Assignment :: The entries below contain pictures, which are to be left out; write out exactly, and only, the lines from the line with "FORNØYD: Mamma Kris" up to and including the line with "buy popular 4a407".

Task input ::
┄┄┄┄┄┄┄┄┄┄

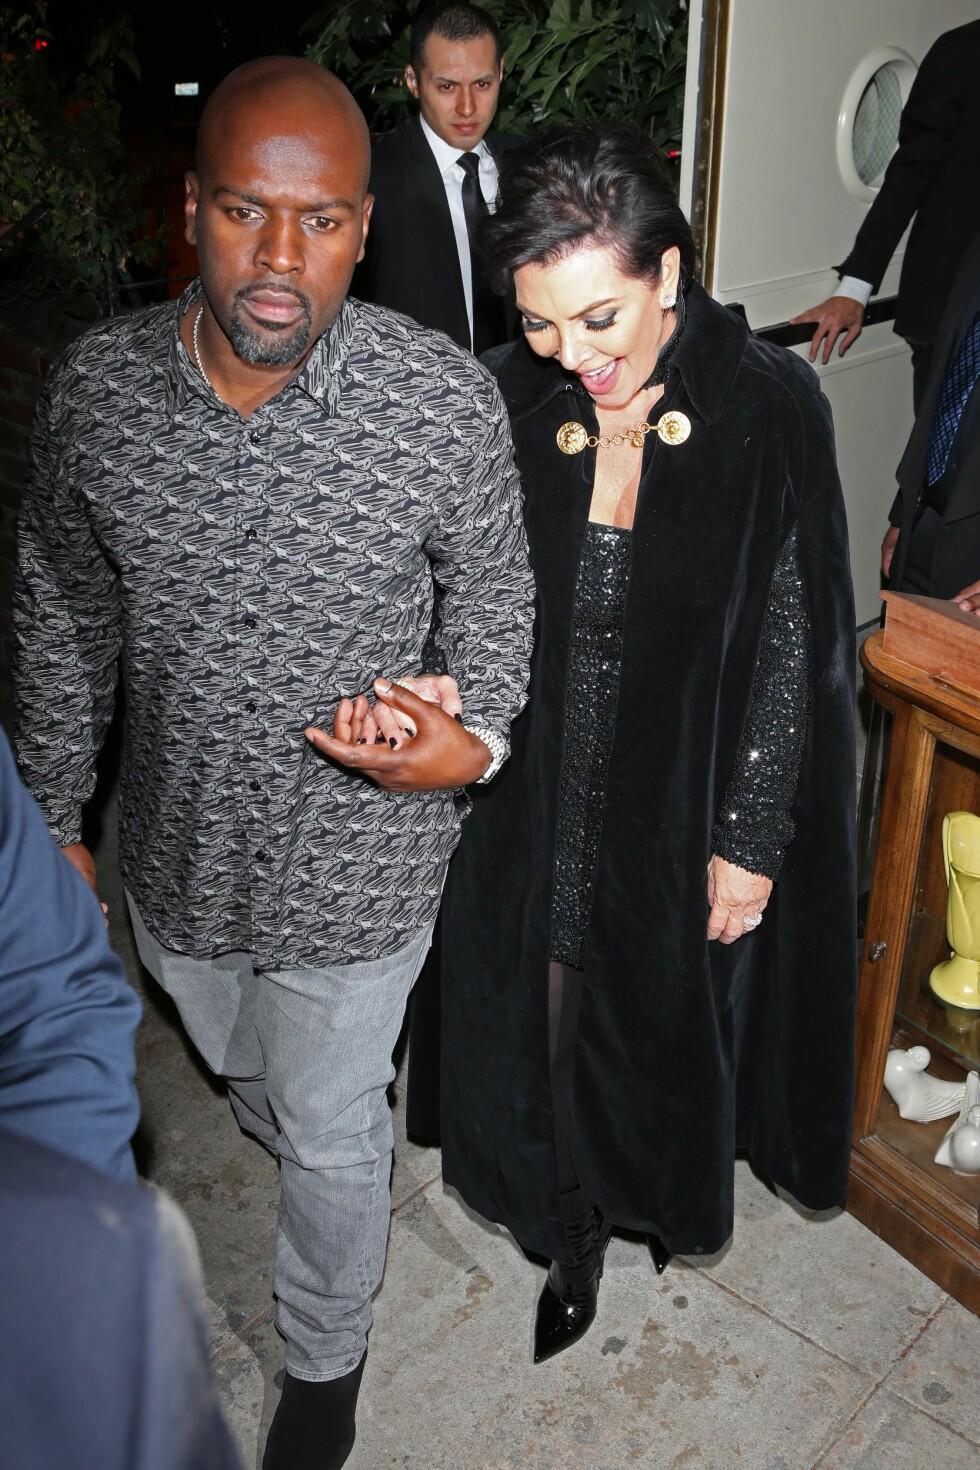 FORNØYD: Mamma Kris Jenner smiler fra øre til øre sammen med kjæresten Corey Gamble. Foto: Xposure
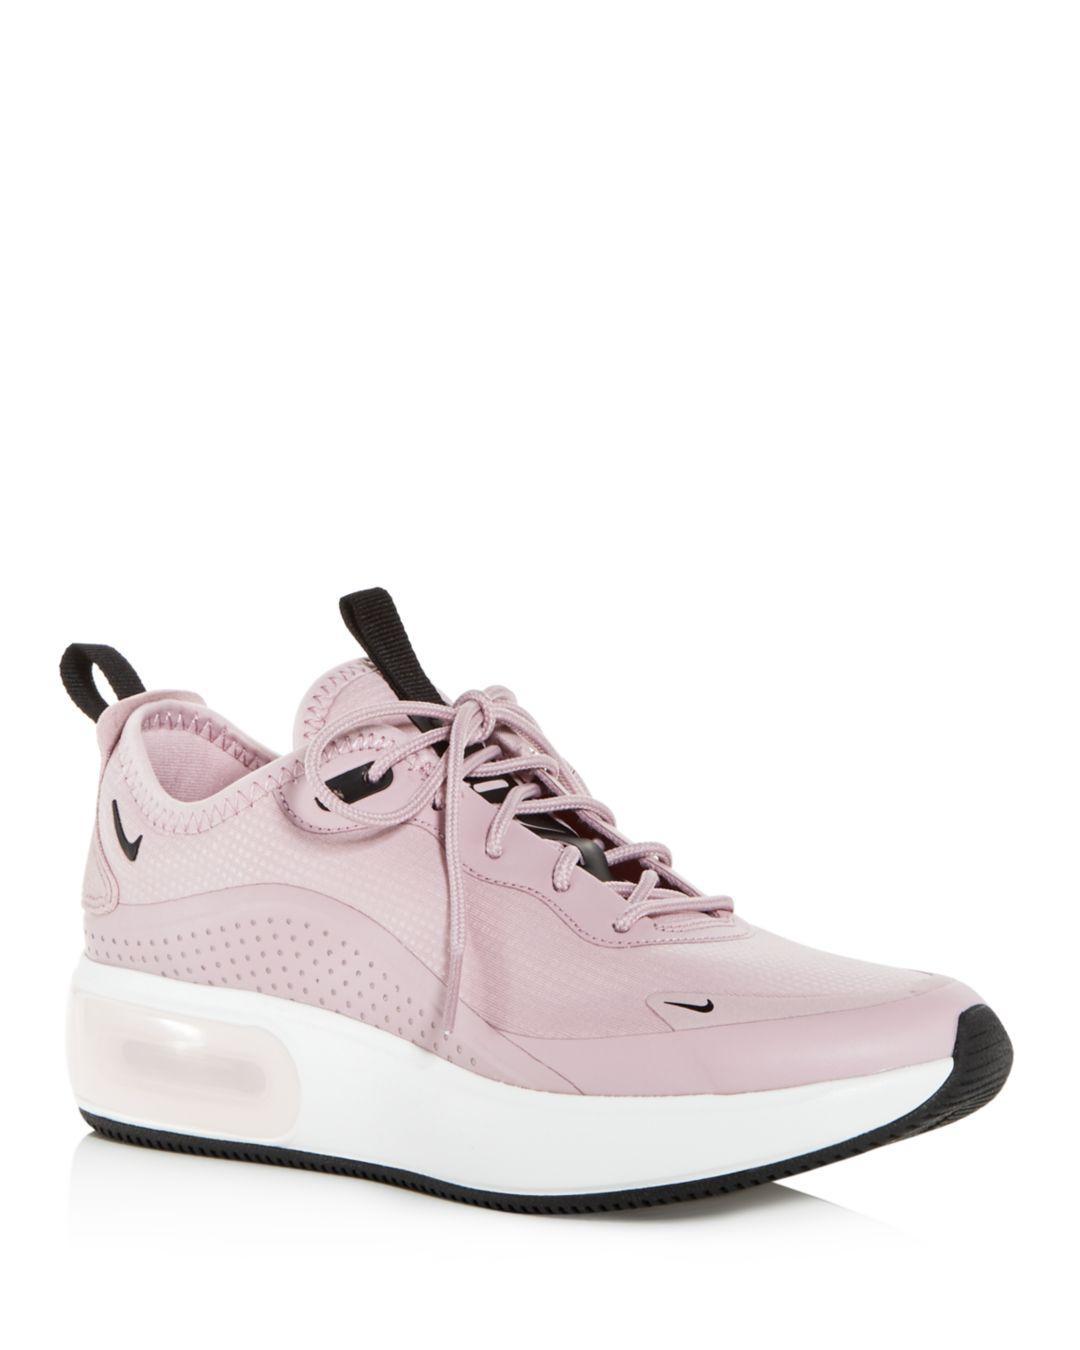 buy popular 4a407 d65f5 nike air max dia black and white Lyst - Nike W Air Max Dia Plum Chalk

┄┄┄┄┄┄┄┄┄┄

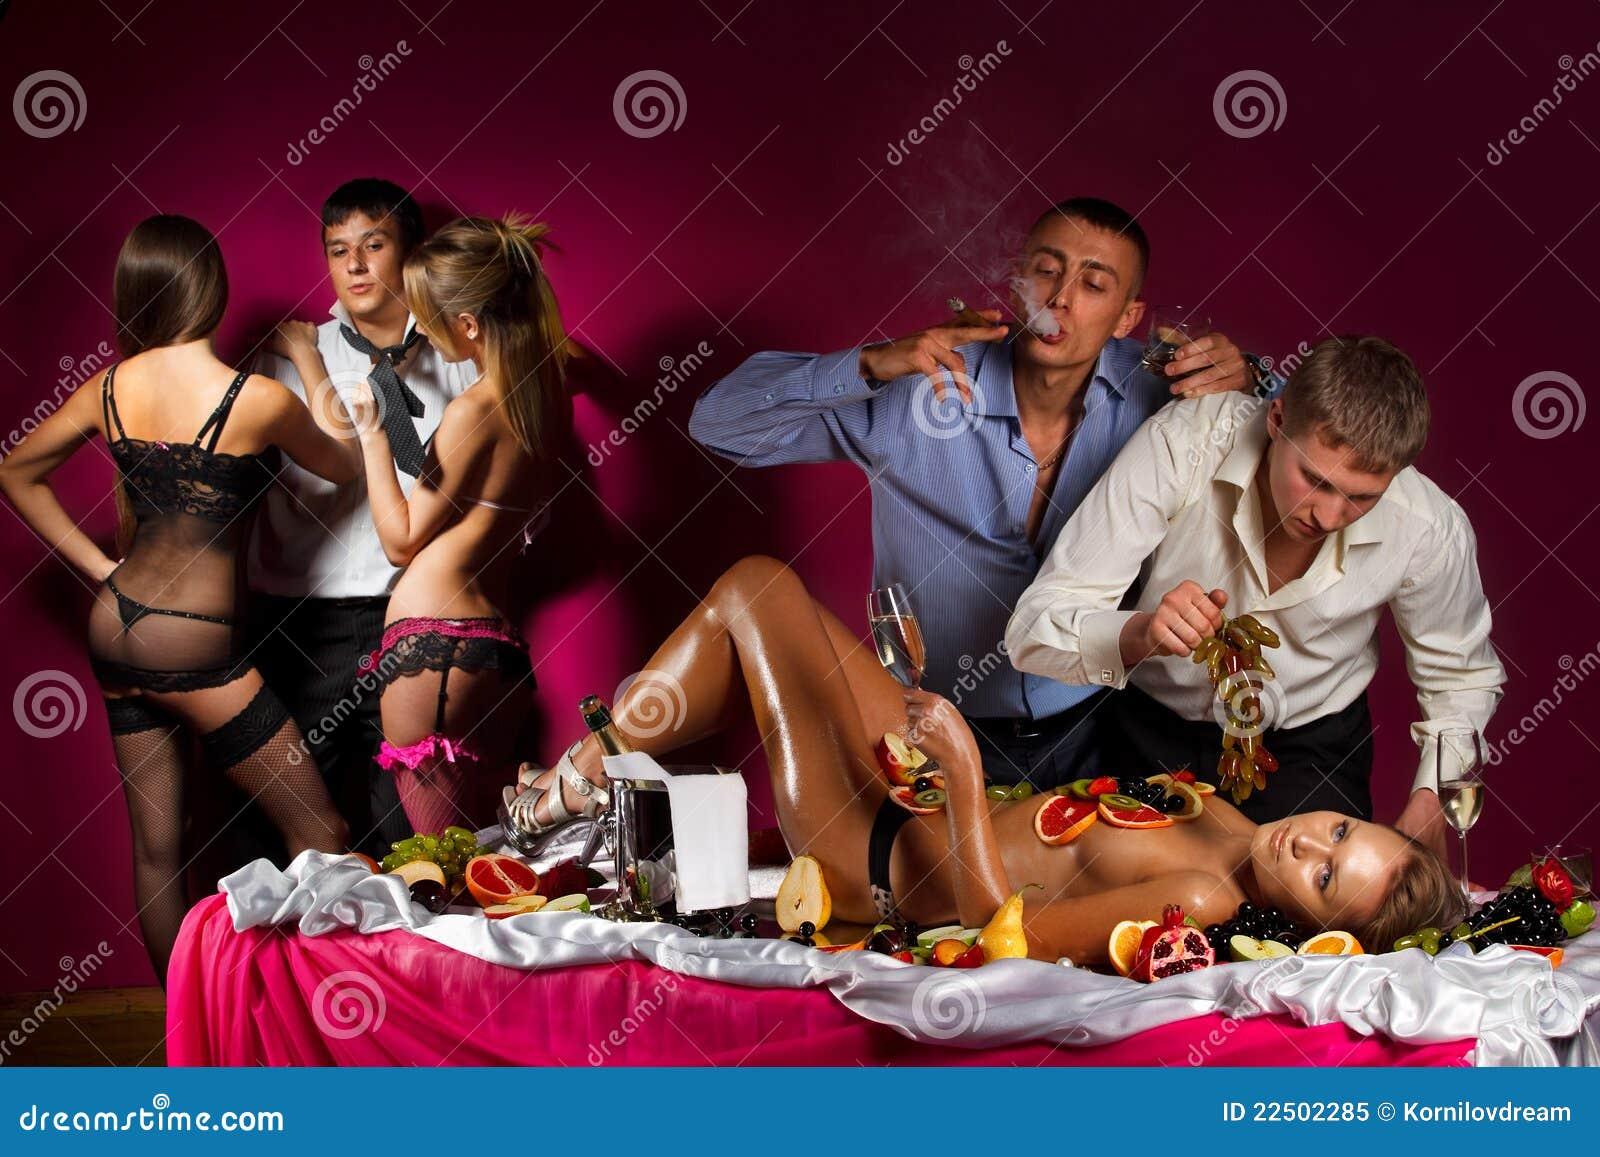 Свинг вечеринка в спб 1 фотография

┄┄┄┄┄┄┄┄┄┄

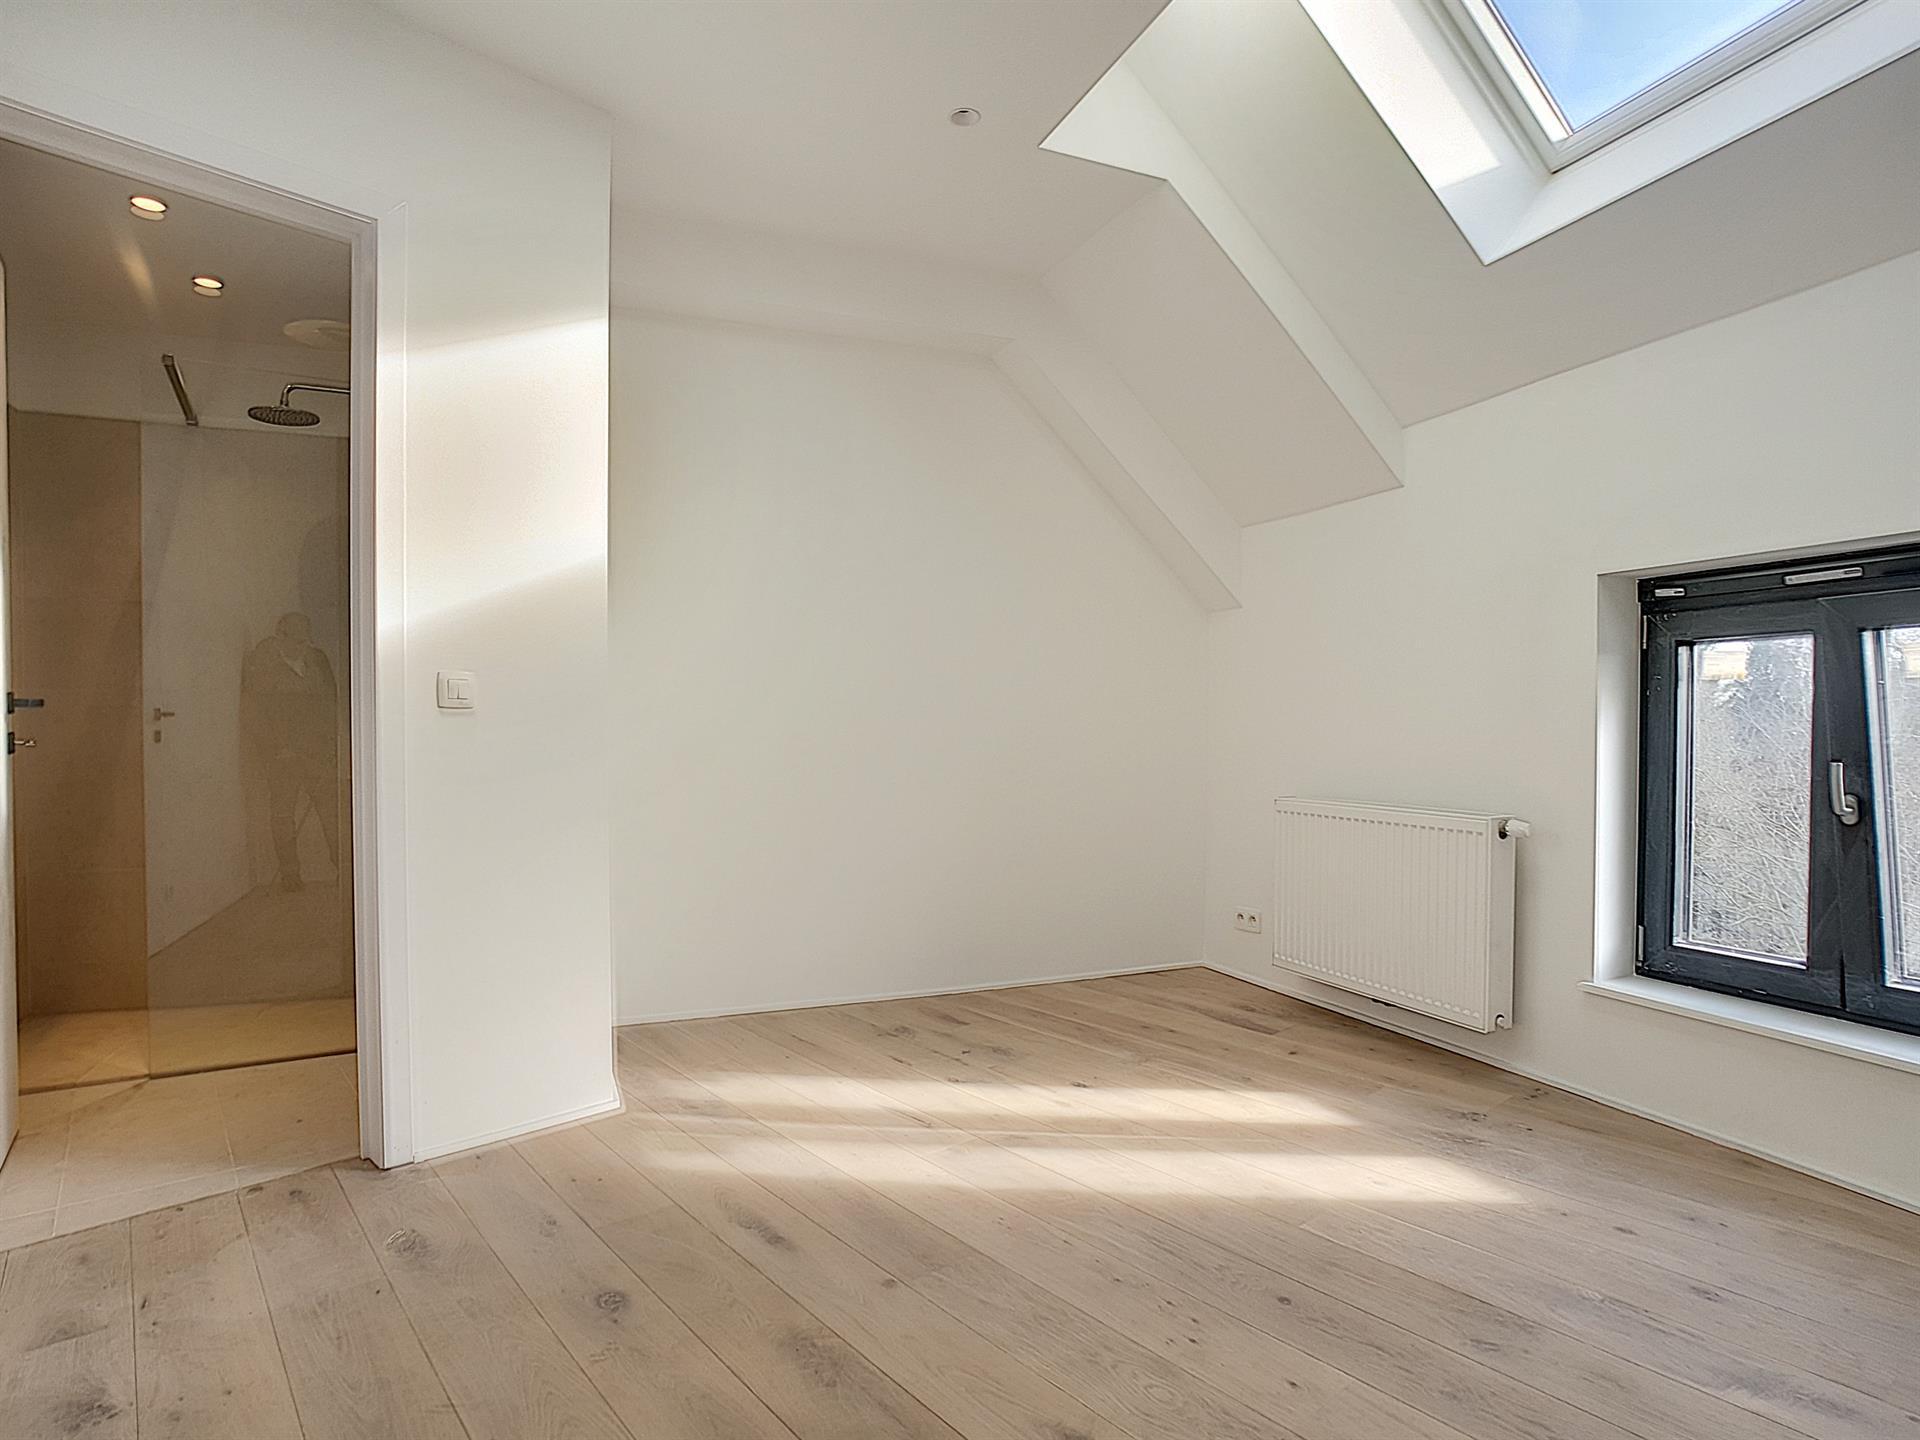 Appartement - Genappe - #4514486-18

┄┄┄┄┄┄┄┄┄┄

Result for this task ::
 FORNØYD: Mamma Kris Jenner smiler fra øre til øre sammen med kjæresten Corey Gamble. Foto: Xposure
 buy popular 4a407 d65f5 nike air max dia black and white Lyst - Nike W Air Max Dia Plum Chalk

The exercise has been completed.